Please repeat, exactly and without pictures, the lines of the entries below that run from the one containing "Signature des conventions" through the one containing "Chaussures bateaux SEBAGO".

**DATA TO USE**
----------------------------------------

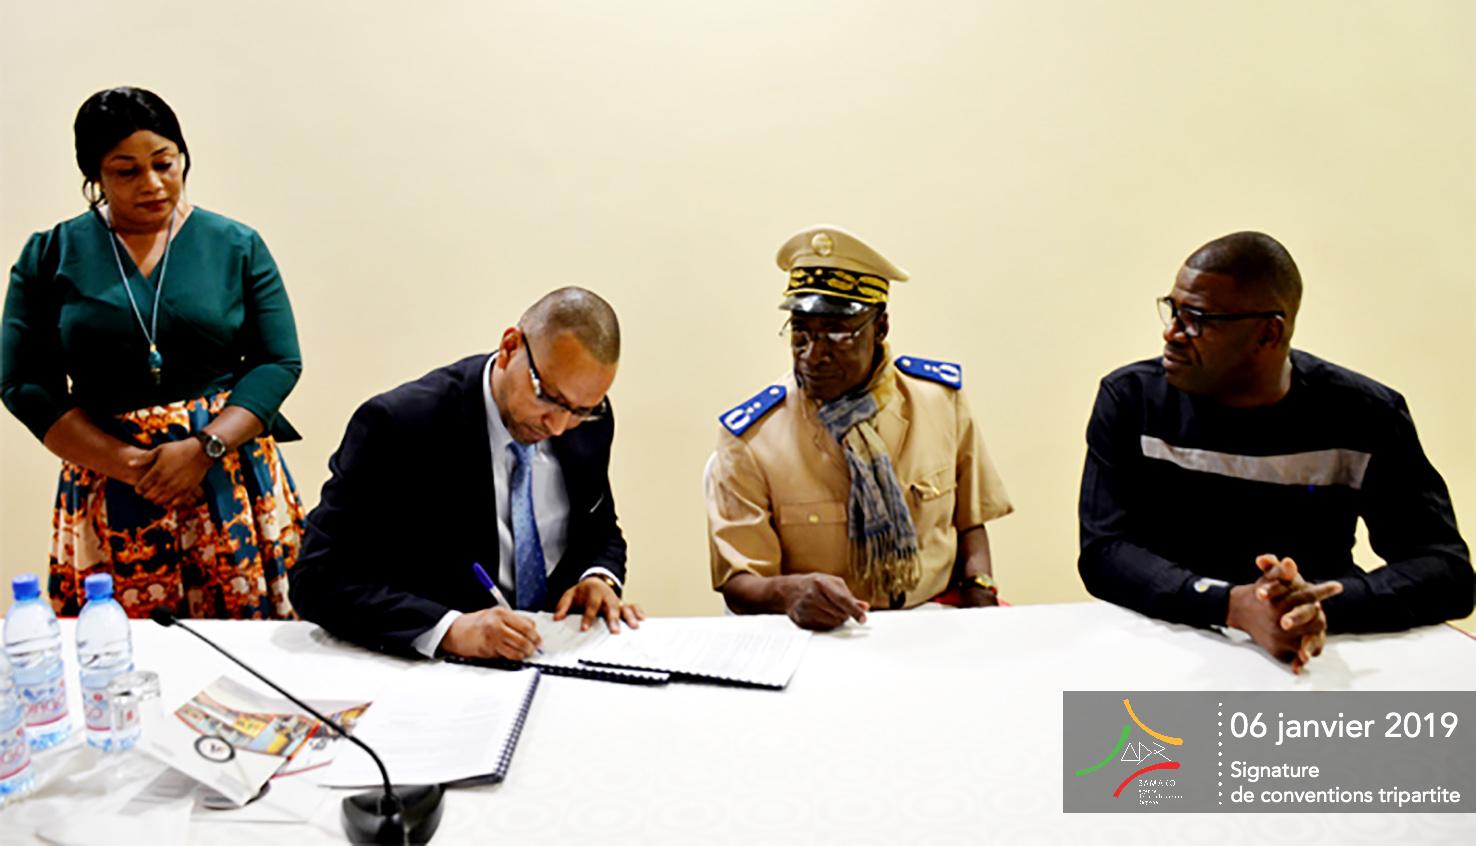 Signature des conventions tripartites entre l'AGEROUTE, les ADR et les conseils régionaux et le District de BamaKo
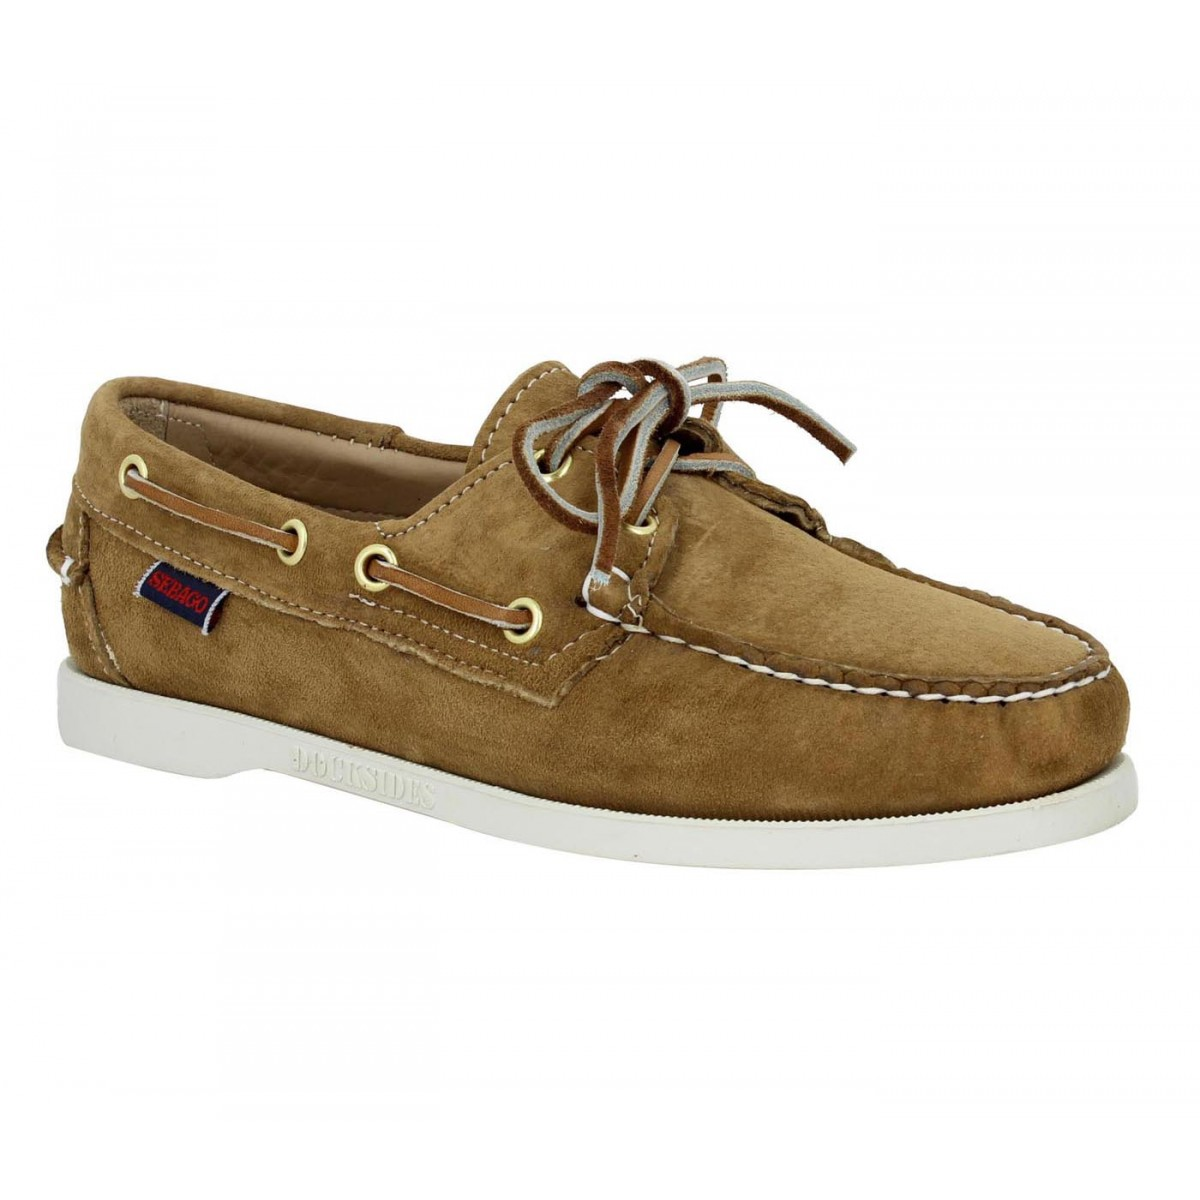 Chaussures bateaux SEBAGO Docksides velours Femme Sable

----------------------------------------

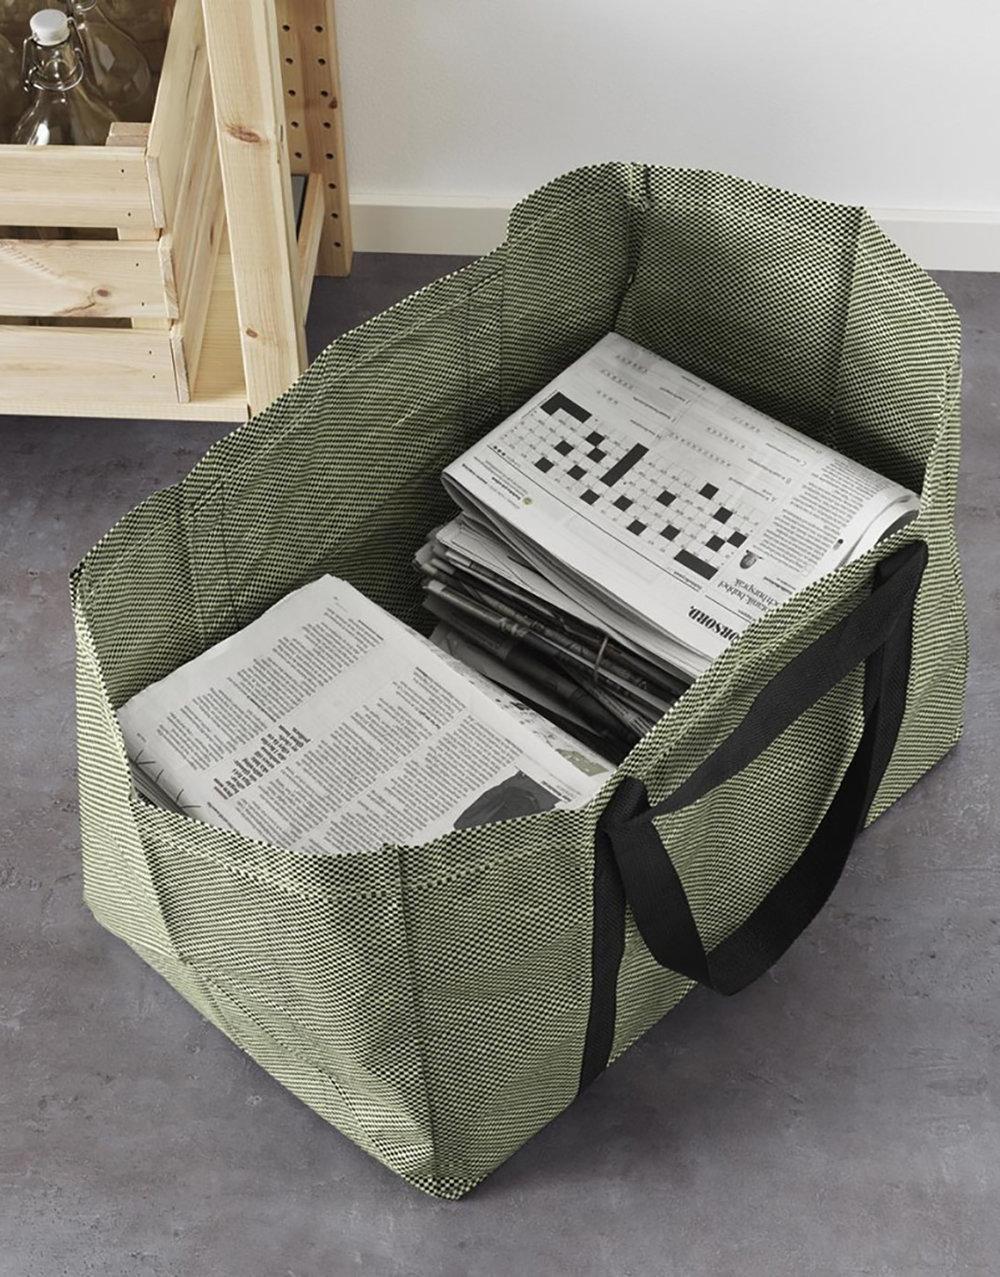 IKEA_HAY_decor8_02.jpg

----------------------------------------

**WRITTEN RESPONSE**
 Signature des conventions tripartites entre l'AGEROUTE, les ADR et les conseils régionaux et le District de BamaKo
 Chaussures bateaux SEBAGO Docksides velours Femme Sable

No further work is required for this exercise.